Saturday, October 29, 2005

Evolution Defined

Before we can have any meaningful discussion on this subject, we must clearly and concisely define what we mean by the terms “creation” and “evolution.”

What, then, is evolution? Evolution has a wide range of definitions, varying from the very scientific definition, “a process that results in heritable changes in a population spread over many generations” to the very vague generalization “descent with modification” (or even “change over time”). (See What is Evolution?, by Laurence Moran from the Talk.Origins website for a discussion by an evolutionist on the definition of evolution.) Upon inspection, though, it is easy to see that neither of these definitions accurately conveys what is commonly thought of when the word “evolution” is used. The first definition can be more accurately applied to the principle of natural selection (which is completely different from evolution) and includes nothing of the idea of life coming from non-life. “Descent with modification” can describe anything from “goo to you via the zoo” evolution to what happens in succeeding generations of a family to the effect of throwing a banana off the roof of a three-story building.

Educated proponents of evolution insist upon the first definition, pointing out that the origin of life is a separate issue, and the view that life comes from non-life is more accurately called a biogenesis. The general public, on the other hand, uses evolution loosely and freely, applying it to everything from organisms to the cosmos to language to technology. But while both definitions capture a particular aspect of the idea, neither describes it fully or accurately.

For instance, to deny that evolution includes the origin of life is misleading, since Darwin himself titled his book the Origin of Species, and talked about the first simple cells arising out of a primordial slime. Furthermore, textbooks, articles, or general books that deal with evolution commonly contain this idea of the first simple life arising spontaneously from non-living substances. On the other hand, to refer to any change over time as evolution is also incorrect, since the basic theory deals only with the biological evolution of living organisms. Nonliving substances cannot evolve. Furthermore, all change over time in biological entities is not evolution. Natural selection, for instance, is a well-documented principle in which the fittest animals in a species survive to pass on their genes, which provides the potential for great variety within a species.

It should be noted here that natural selection is not evolution. Charles Darwin was not the first to notice the principle of natural selection—it was first described by the creationist Edward Blythe. Even today, natural selection is an important part of creationist models. What Charles Darwin did was take the principle of natural selection and extrapolate it out to the point where it was capable of producing unlimited change, even to the point of creating entirely new species, genera, families, etc. In other words, natural selection is the means by which evolution is proposed to occur—it is not evolution itself. See the article, Muddy Waters, by Carl Wieland of Answers in Genesis for more information.

But while evolution itself applies only to biological entities, it is impossible to deny that there are a host of other theories about the origin of the universe that have become inextricably tied to this one concept—theories such as the Big Bang (“cosmological evolution”), uniformitarianism (“geological evolution”), a very old universe and earth, and other theories. Furthermore, evolution is almost automatically associated with more philosophical views, such as atheism, agnosticism, relativism, and materialism.

In other words, while a strict definition of evolution would refer exclusively to biological evolution, there is a large amount of baggage that has become attached to the term that cannot be ignored in any meaningful debate on the subject. Even evolutionists recognize that the public’s conception of evolution contains far more than the observable biological theory that they use as its definition. Furthermore, in most of the court cases concerning the teaching of evolution, the main issue is not the current biological process but the question of origins and the existence of God. In addition, when creationists debate evolutionists, the current biological process is only one area of disagreement. In any creation/evolution debate, you are likely to hear a wide range of issues discussed, from biological evolution to geological processes to the origin of life and the cosmos to the age of the earth to the existence of God, and many other issues. Therefore, to ignore all of these issues in a discussion such as this would be inappropriate, due to the universal nature of the issues automatically associated with the word “evolution”.

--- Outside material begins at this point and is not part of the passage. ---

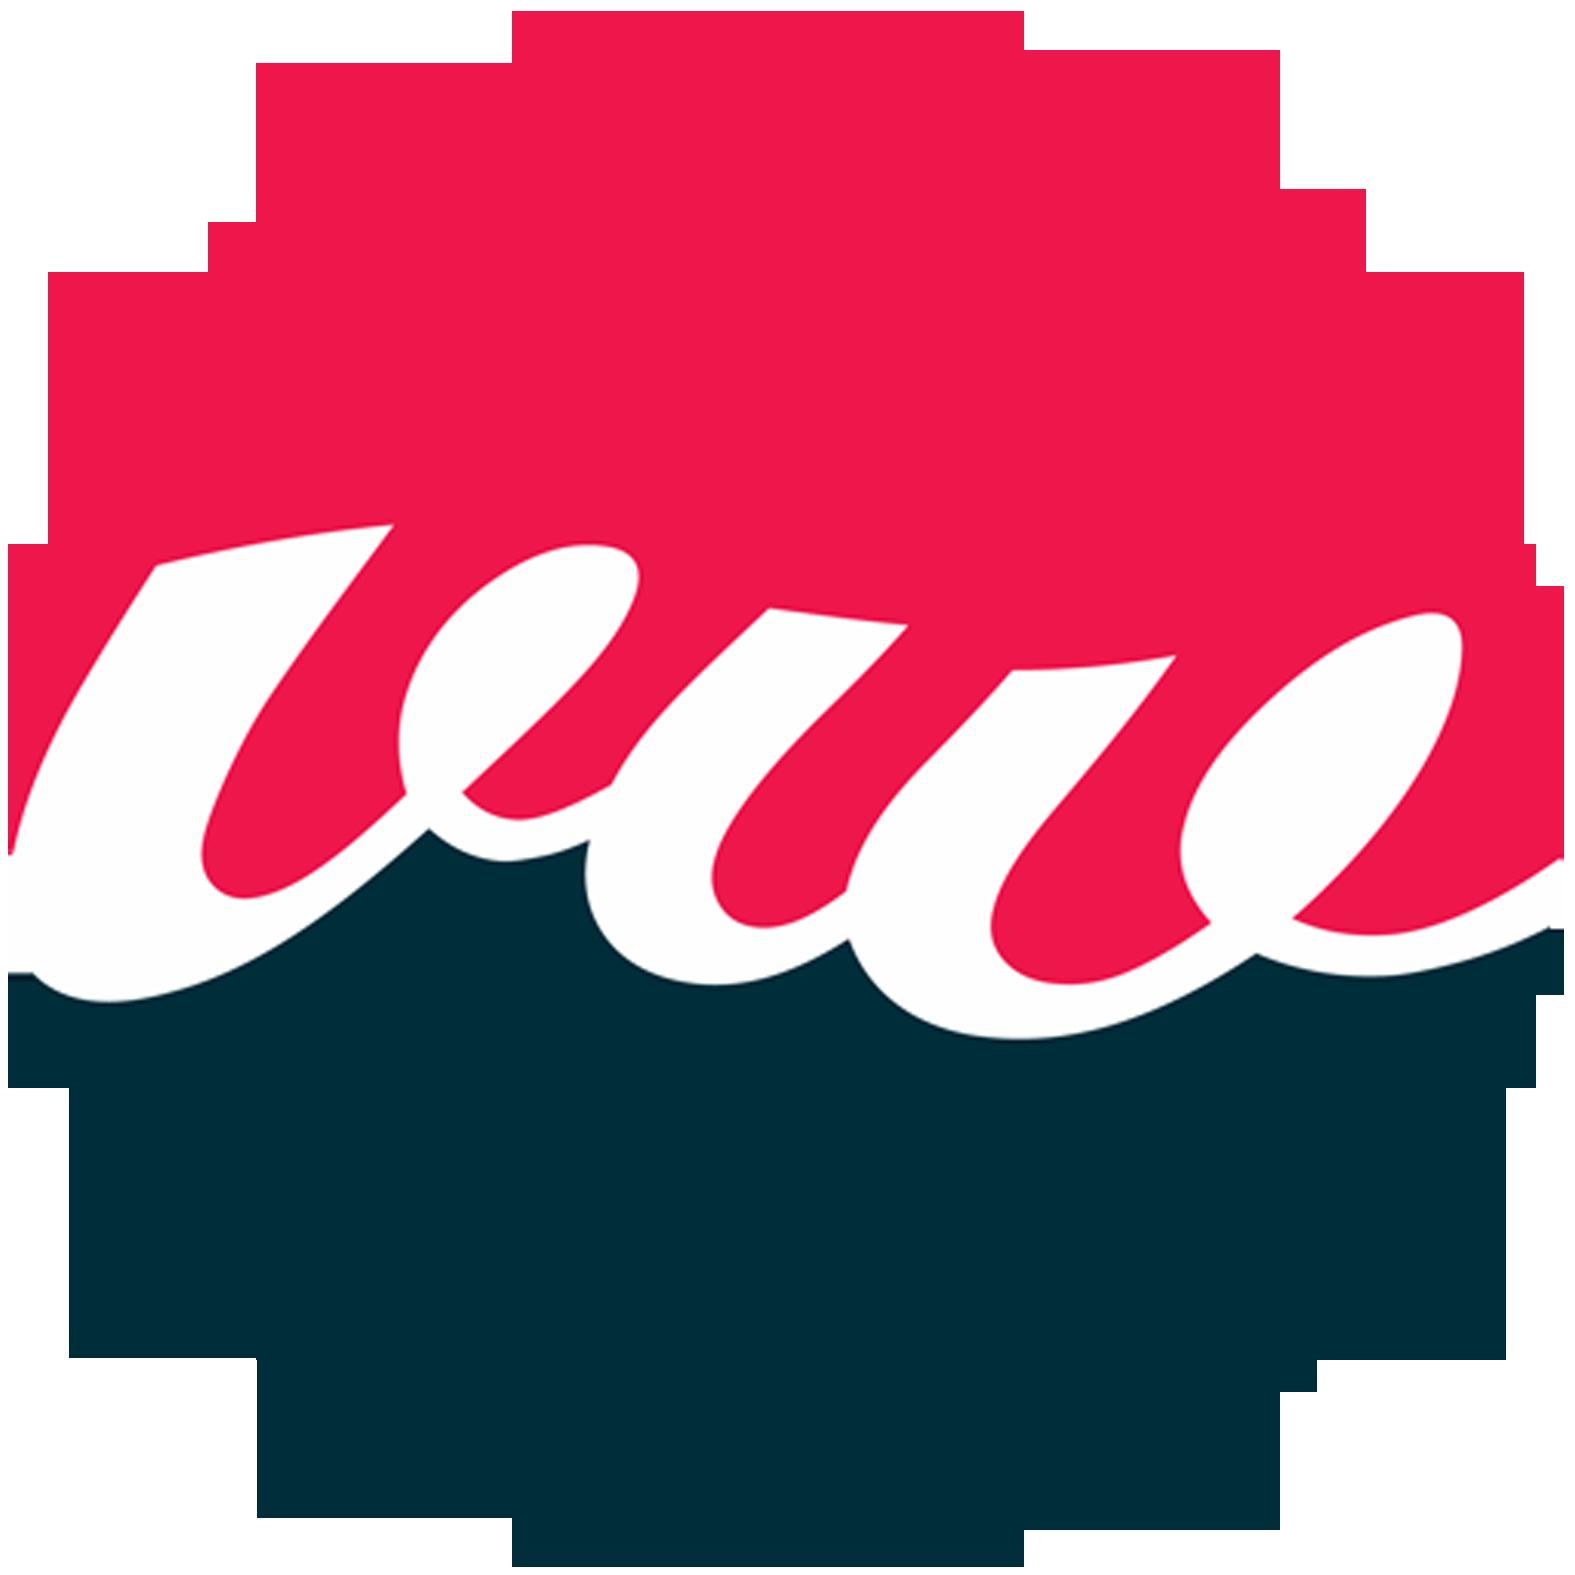 Vast Web India Logo

To come to a clear, concise, reasonable definition of evolution, then, we can say that evolution is the view that everything came from nothing—the idea that nature created itself. It includes such things as: the Big Bang theory as the origin of the cosmos, uniformitarianism as the default process of geology, a biogenesis as the means for the origin of life, biological evolution as the means behind the present variety of living organisms, and by implication the belief that nature is all there is (materialism; i.e., there is no God or supernatural) and that there are no moral absolutes (relativism).

Again, some evolutionists will disagree with this definition, but it is impossible to deny that those and other theories are firmly, automatically, and inextricably associated with evolution, both in the general public and in the creation/evolution debate.